SUPPLIED RECORDS
=======

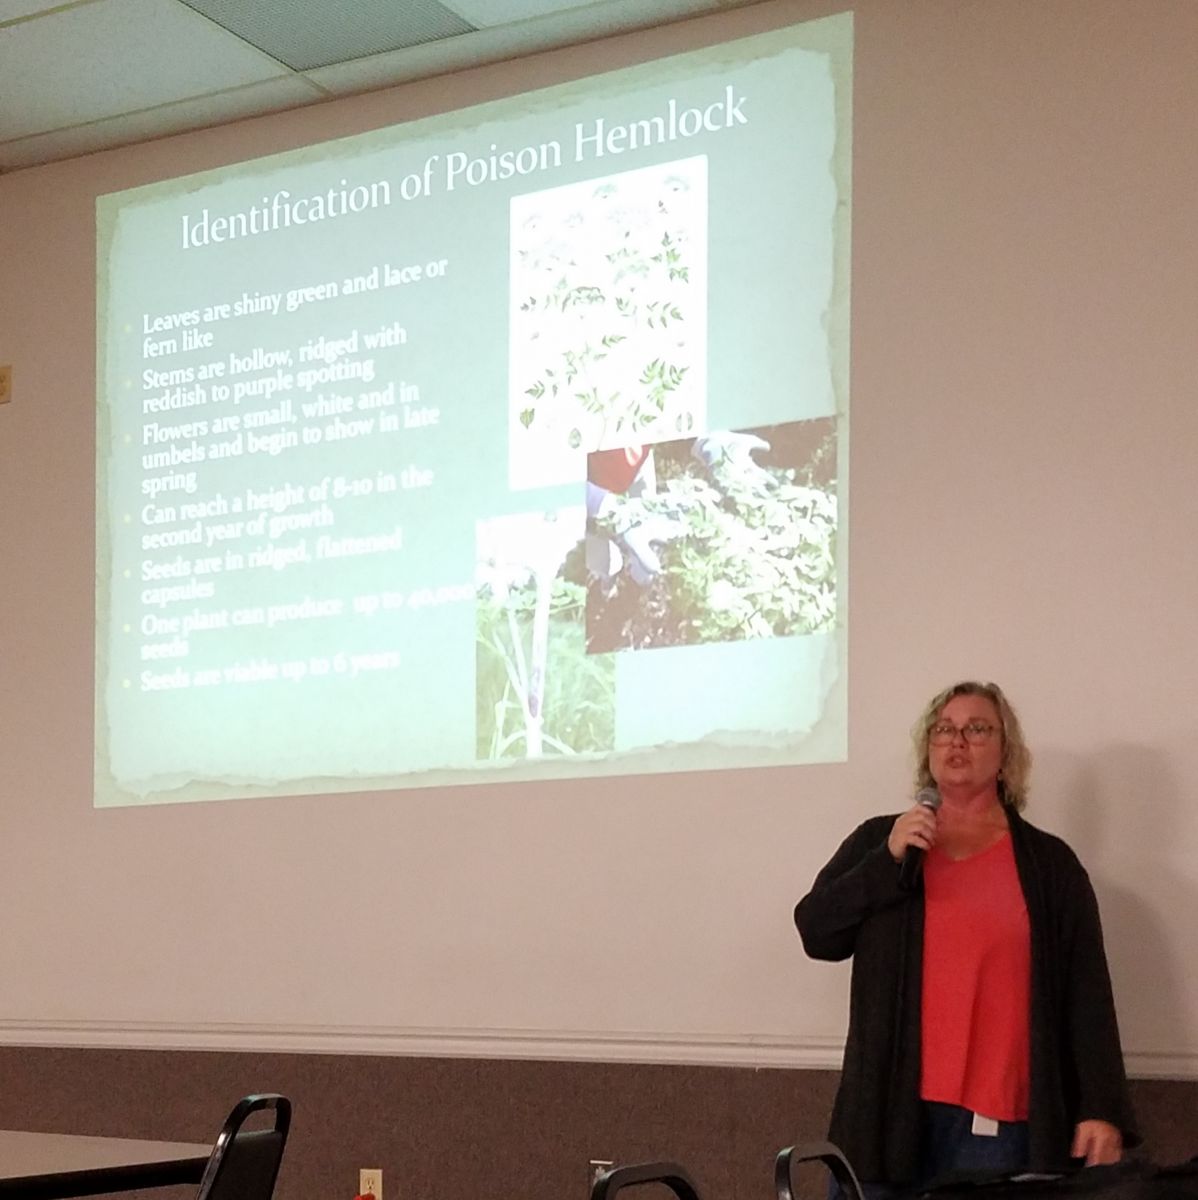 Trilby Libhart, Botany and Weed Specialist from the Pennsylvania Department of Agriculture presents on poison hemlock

=======

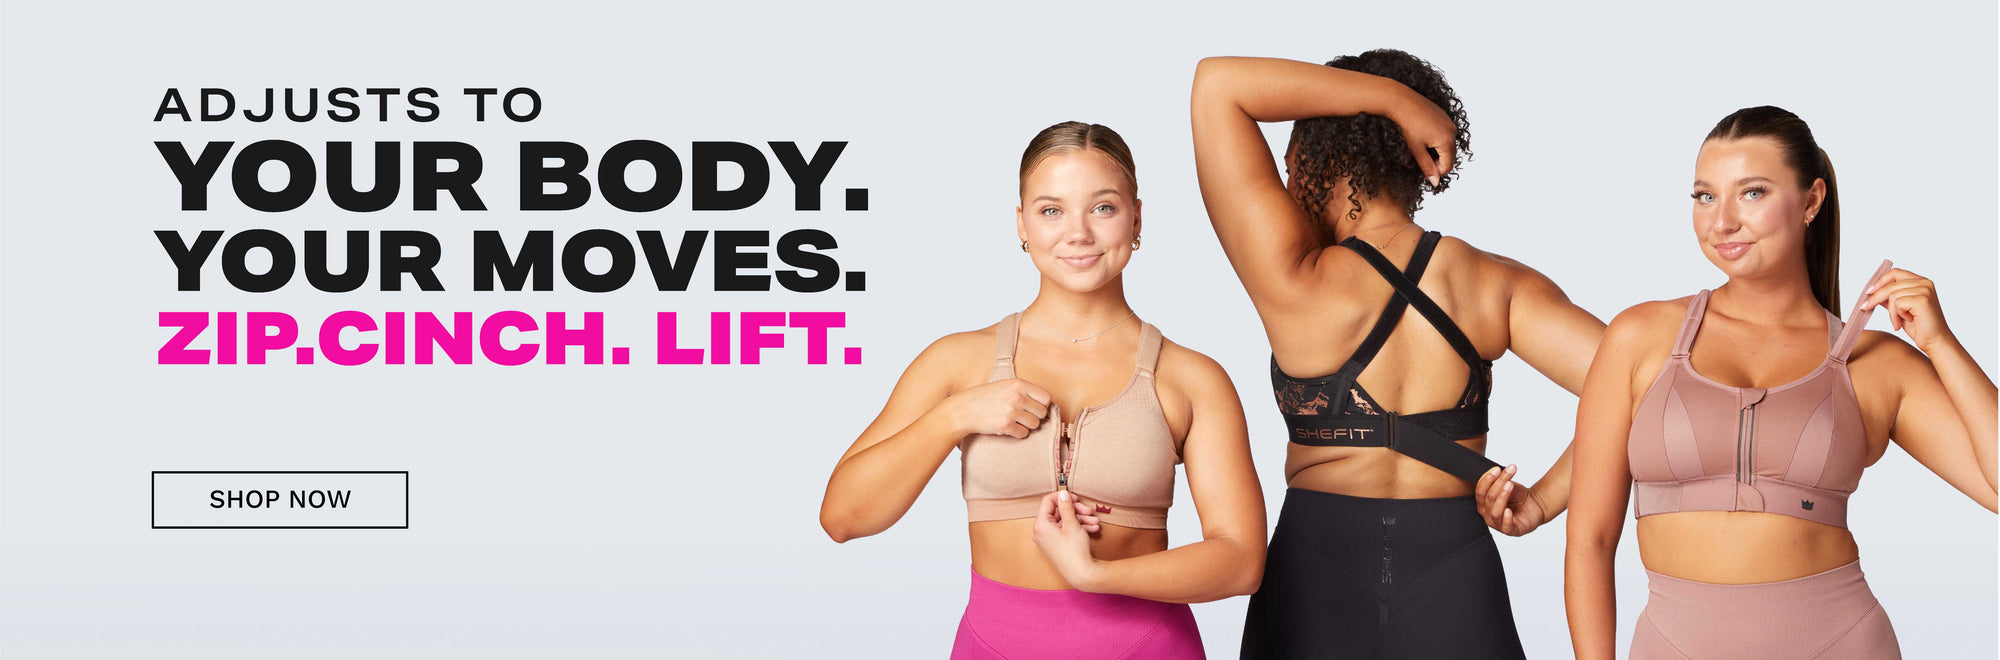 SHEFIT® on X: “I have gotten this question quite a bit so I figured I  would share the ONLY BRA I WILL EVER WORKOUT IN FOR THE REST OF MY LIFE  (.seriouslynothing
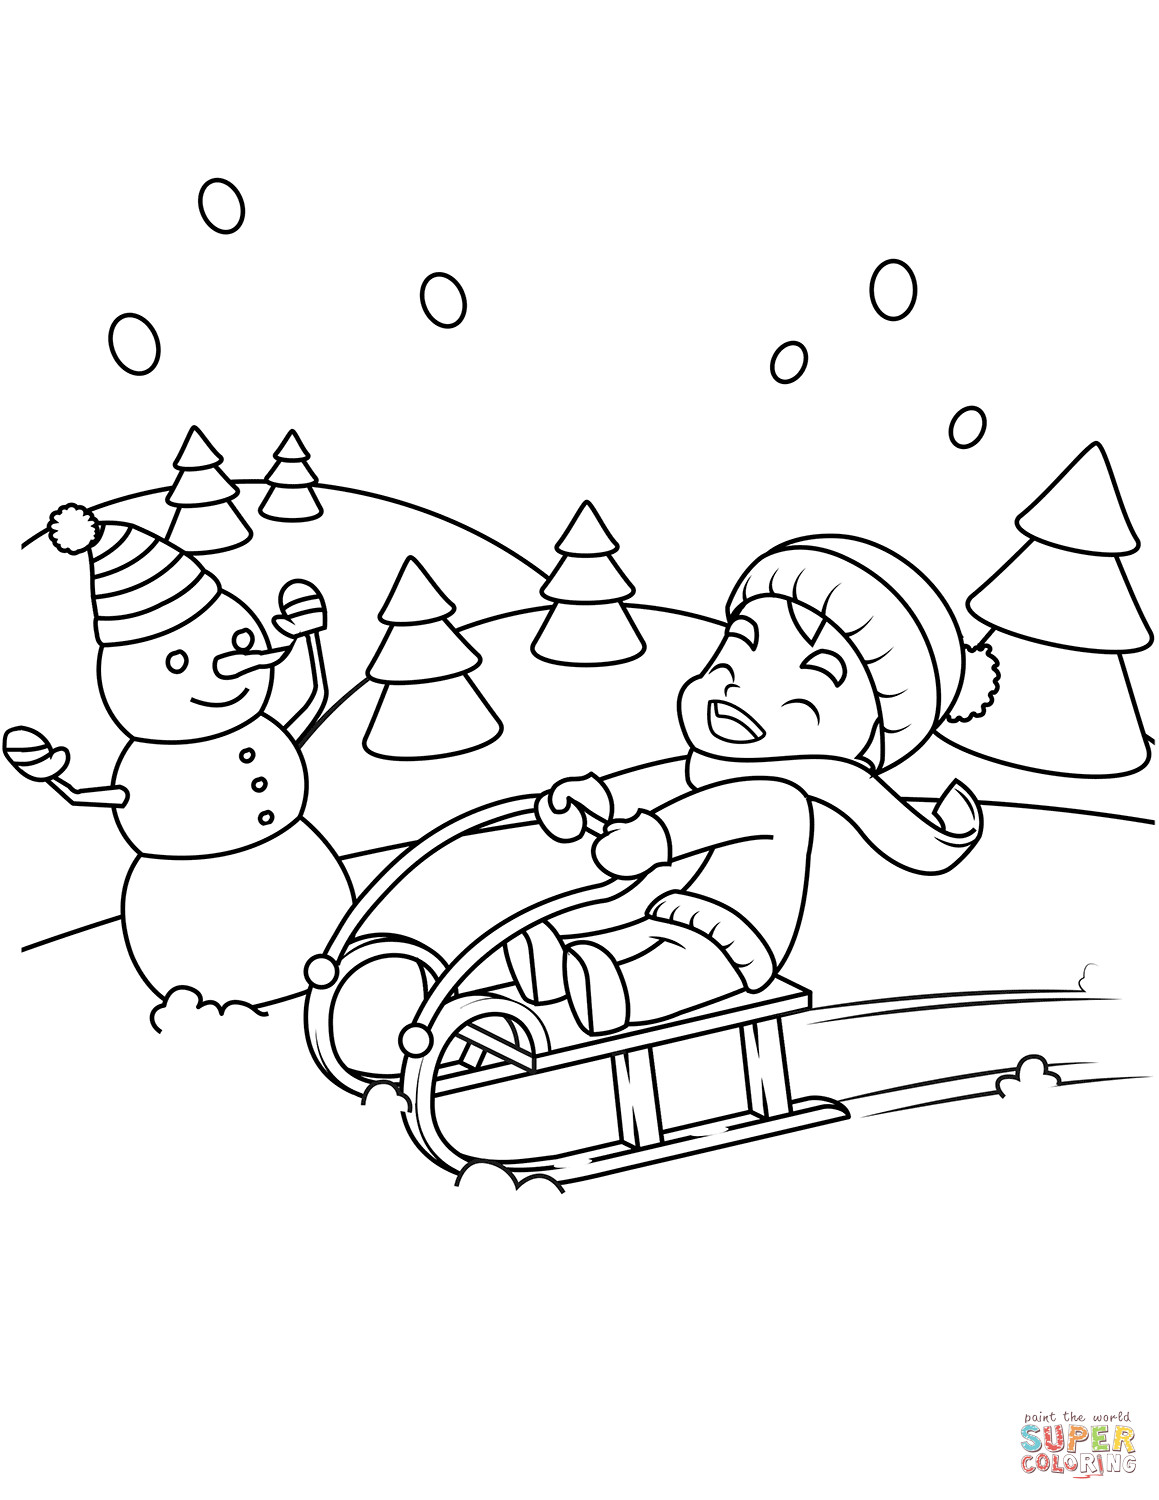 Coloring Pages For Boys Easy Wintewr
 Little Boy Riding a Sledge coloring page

=======

WHAT IS BEING ASKED
How would the lines above read from the one with "Coloring Pages For Boys Easy Wintewr" to the one with "Little Boy Riding a Sledge coloring page", inclusive, with no pictures? Write them out exactly.

COMPLETED TASK
 Coloring Pages For Boys Easy Wintewr
 Little Boy Riding a Sledge coloring page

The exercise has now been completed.